Shahani made six feature films and several documentaries and shorts — most of which are obscure — including some facing the threat of getting destroyed due to lack of preservation. The films being shown at the retrospective haven’t been shown in the city for years.
The Kumar Shahani Legacy, will see guest speakers such as Rajat Kapoor (he made his debut as an actor in Shahani’s Khayal Gatha ), filmmaker Arun Khopkar, and actor Praba Mahajan (the lead actress of Maya Darpan who married the film’s cinematographer KK Mahajan after they met on the film’s sets). According to many film historians and scholars, Mahajan is to Shahani what Subrata Mitra is to Satyajit Ray. They sang as one voice, an emotional Shahani had said after Mahajan passed away.
One of the focuses of the event is that it highlights Shahani’s role as a film scholar and a teacher. “Apart from Tagore, Ritwik Ghatak, Satyajit Ray and Mani Kaul, we don’t have too many artists writing on aesthetics. Kumar was another exception who was interested in theoretical intervention,” Mr Rajadhyaksha says.

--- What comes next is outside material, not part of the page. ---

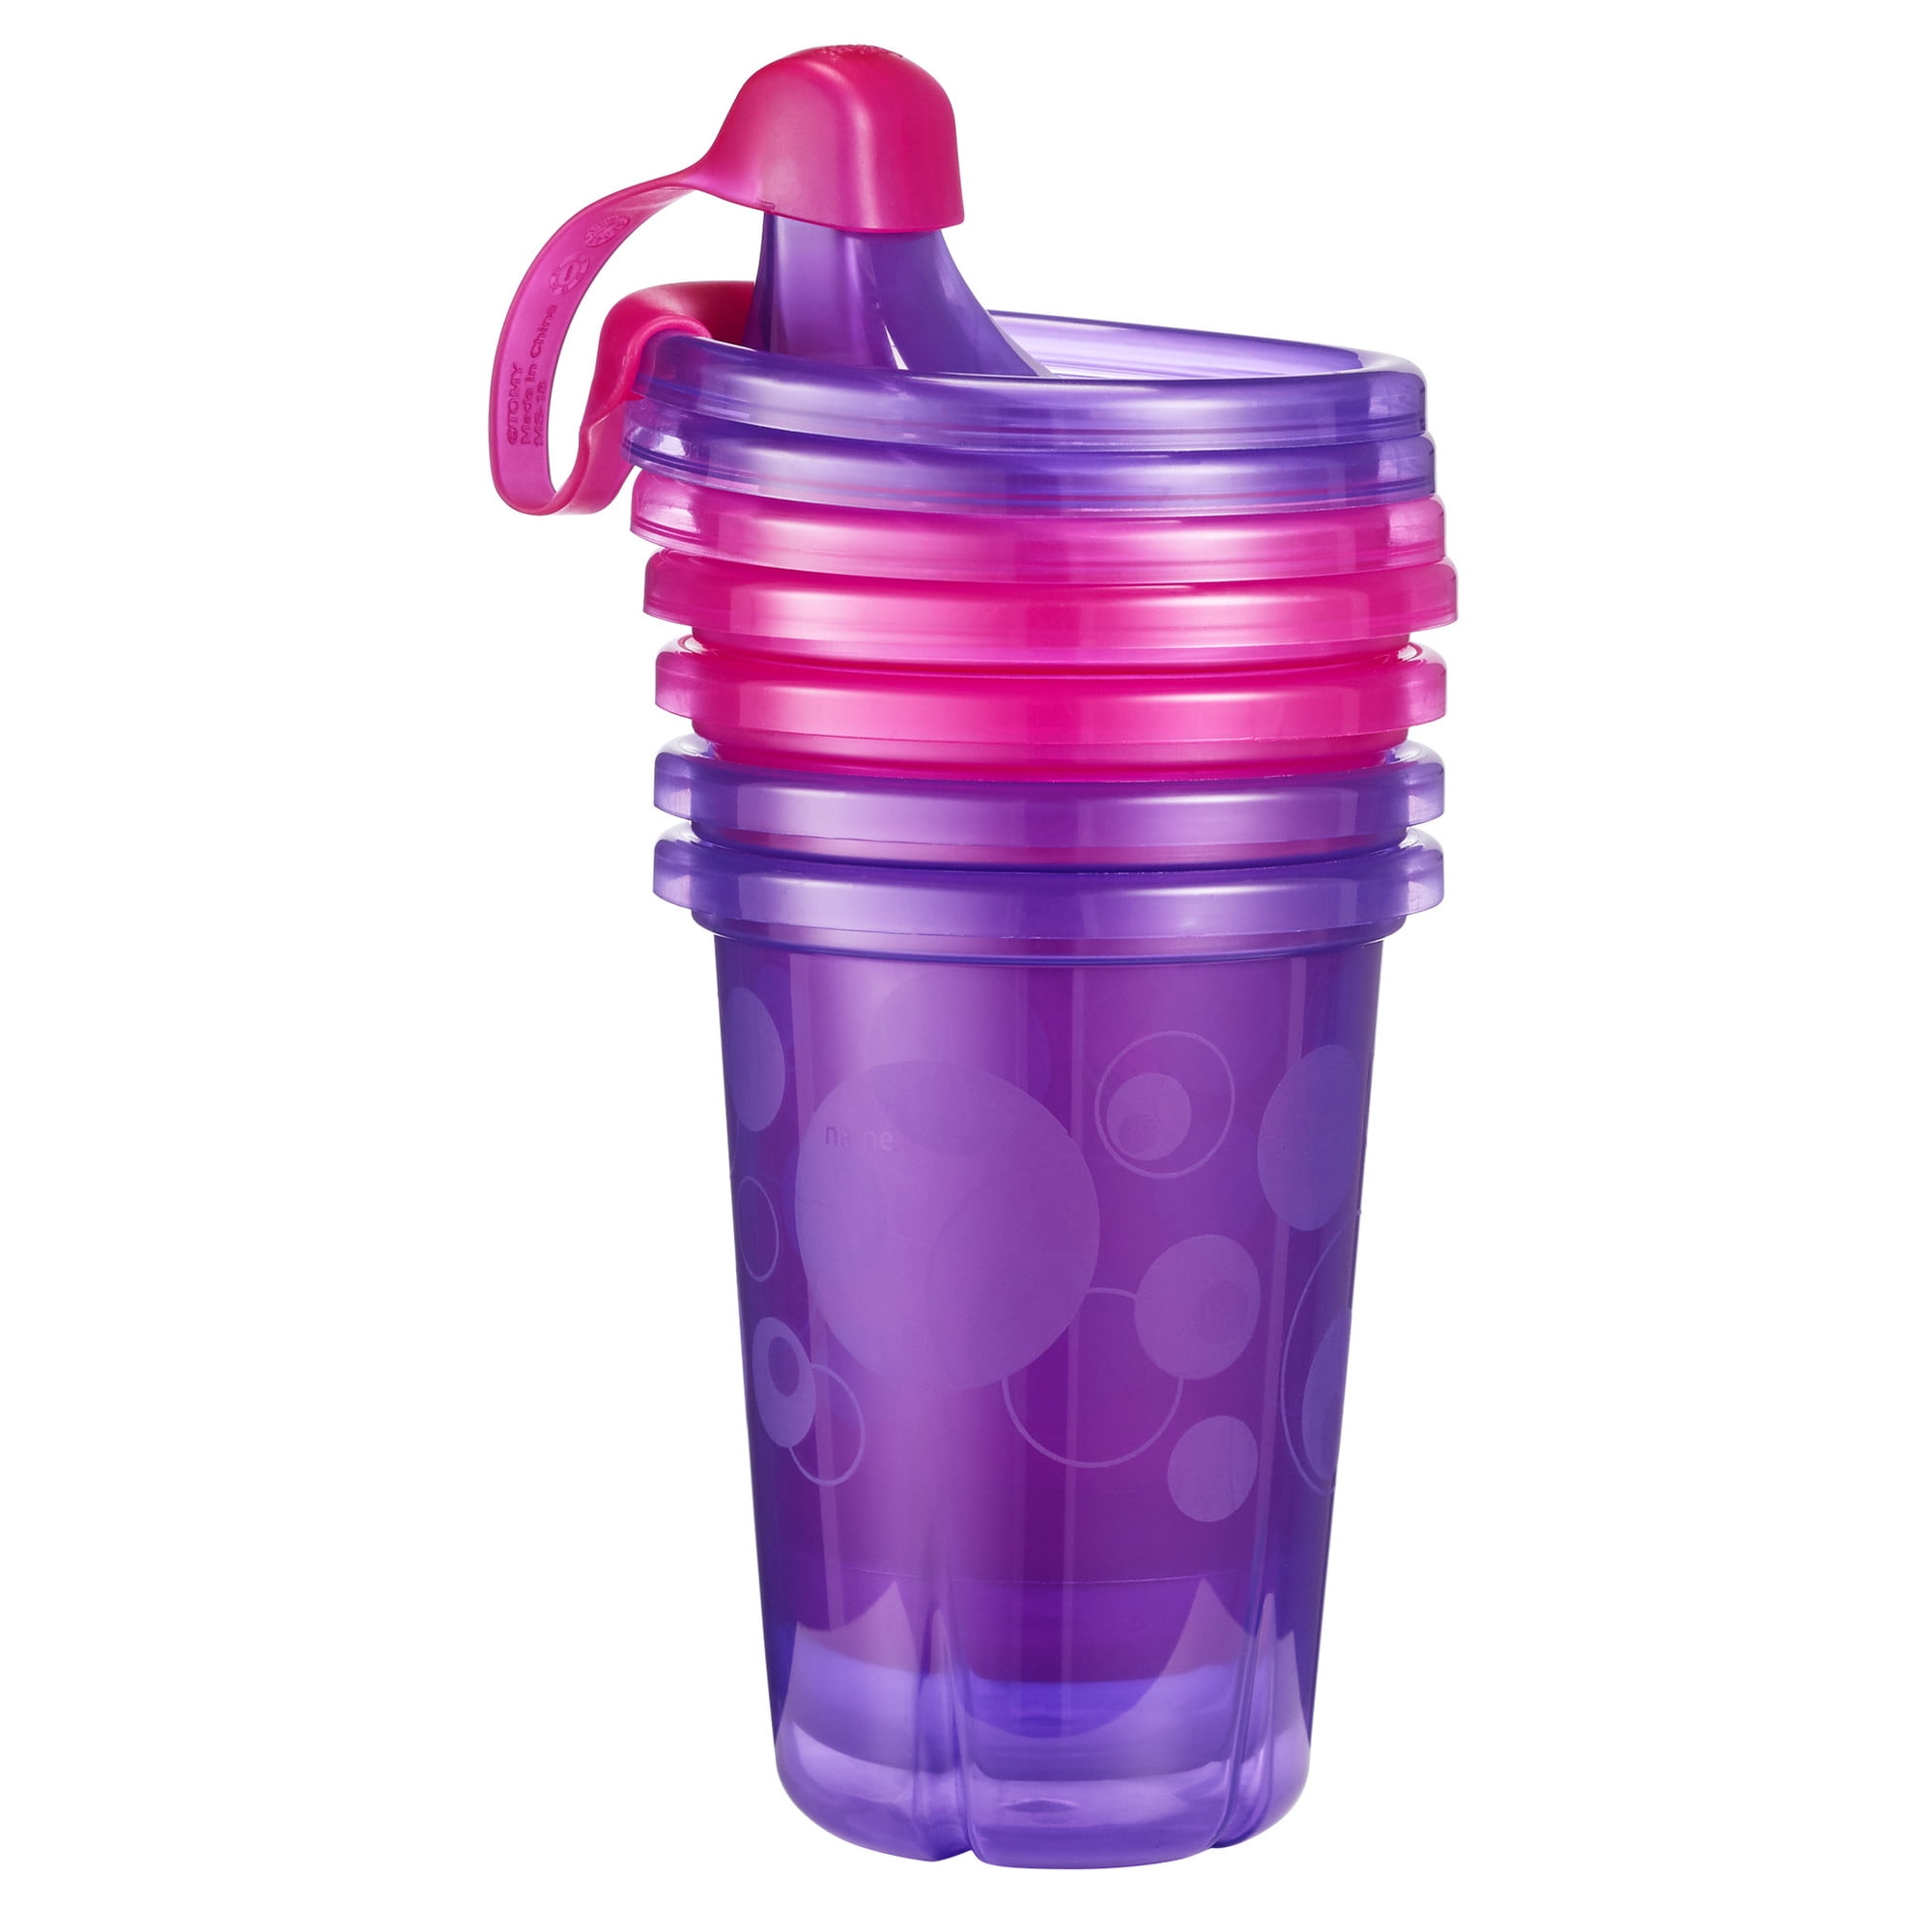 The First Years Take & Toss Sippy Cups, 9+ months - 4 count, 10 oz each

As someone who sees cinema as an art form and not a commodity, Shahani’s films were more about the experience than about the story. “Story would be a tiny part of what he wanted to do with film. It’s more of a narrative to him, a more complex, inclusive category that is a sum total of the cinematic experience that includes colours, overtones, texture,” says Mr. Rajadhyaksha.